How can OpenAI be used?

As I previously stated, usually when I've heard the idea of 'we should implement AI', there's rarely follow-up on what that really means. To think about what AI could do, think of tasks that might involve looking over existing datasets. As an example, let's say we are a car manufacturer looking to add a chat bot to our website to help people find a car they would like. Here are some ideas of what we could do simply with OpenAI language models:

  • Collect keywords from a given conversation to search existing website data on cars to determine what type of a car a user might be looking for
  • Adapt to the user and have the bot respond in a tone that is better suited to the specific user rather than hard-coded responses that would be sent to everyone
  • Provide Q&A options based on existing dataset of answers for basic questions that people typically ask when looking for a car
  • Since the users sometimes may have questions not necessarily tied to your products, you're already integrating with a tool that provides chat completion features, have the bot try to answer questions about cars in general!

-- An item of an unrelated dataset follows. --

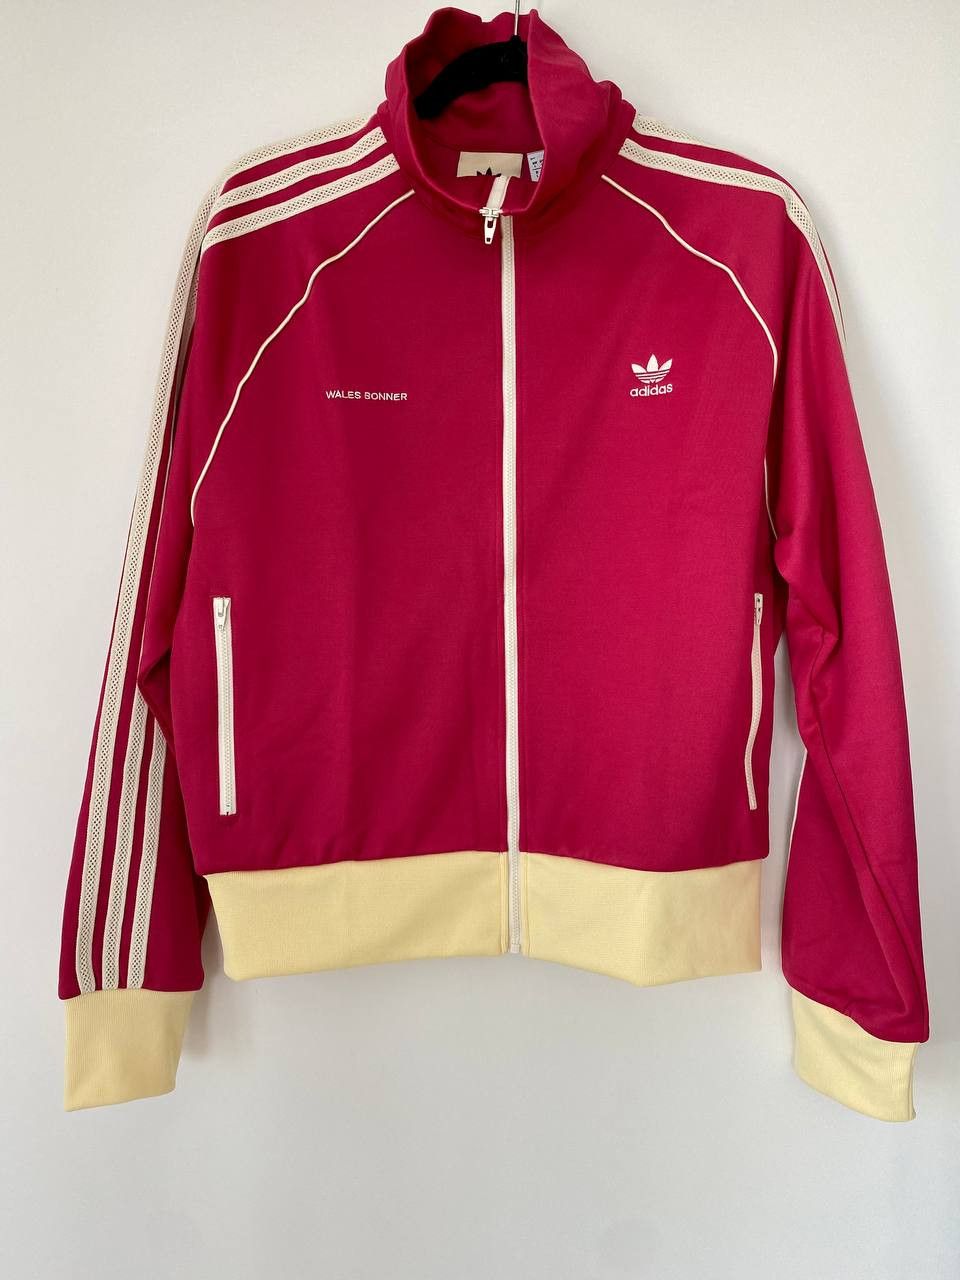 Wales Bonner Green & Navy Adidas Originals Edition Lovers Track Jacket for  Men

While this list is only a few to start with, hopefully it's a little easier to make sense of some ways on how implementing OpenAI at JUST the text level can be helpful to your project or business.

Example

It would only make sense to suggest there's some valuable usage of OpenAI in general if I had an example myself to show. I've recently been working on a side project involving fetching jobs from a specific field across several job boards and pull them into this singular app. I've been using an API on RapidAPI called JSearch, which checks LinkedIn, Indeed, Glassdoor, ZipRecruiter, BeBee and many others while providing a singular API format for me for next to nothing for price. While I've already found a lot of value in using this API, there is a colossal downside hidden within it; content.

Job Description Before

I've found that while most of the data comes across pretty well, all fields but the title are not guaranteed to return something in all concurrent requests. Typically, I could forgo this oversight if the content pulled directly from the job listing came across, and it does! The problem however is that every single job board likes to format their job listing pages differently and the field by default does not format anything to HTML. Jsearch basically dumps whatever it finds on the web page it crawls into the description field with no modifications. Since I want users to be able to post jobs in my project along with pulling jobs from these platforms, I need to have data in HTML format so it can be later parsed into a WYSIWYG editor on my side for additional modification of listings.

I have found that this scenario has proven to be a fantastic use-case of the ChatGPT language model! Since I'm writing in Laravel, I am able to make use of Nuno Maduro's OpenAI integration for Laravel to directly use the gpt-3.5-turbo to solve my problem. I have a daily scheduled job that queries the JSearch API first, then, for each job listing pulled back that does not exist yet, I write the following completion request:

ChatGPT Completion

Note that I had to alter to mention omitting head and body tags(not looking to store an entire HTML document rather just content you would find in the body) as the results sometimes would have them appended. Ideally I could make use of another language model to make OpenAI do this by default but like I said, I wanted to go for the quickest implementation possible. After fine-tuning my prompt, every single time(over 500 results tested to-date), the gpt-3.5-turbo model would provide the HTML formatted response of this field in its entirety; perfect for what I needed!

Job Description After

Conclusion

It's easy to be skeptical when someone says 'AI will change everything'. While I don't personally believe in doomsday scenarios like some people like to talk about, I do understand how some might worry after seeing some of the capabilities that these tools have proven to show. While it can be a little overwhelming at first to understand what benefits it can provide, hopefully I've helped show how you can consider integrating language(or other) models into your projects. While they aren't going to write the logic for you, in many cases, they can take care of the daunting tasks involving parsing data for you with a single prompt :)

Thanks for reading!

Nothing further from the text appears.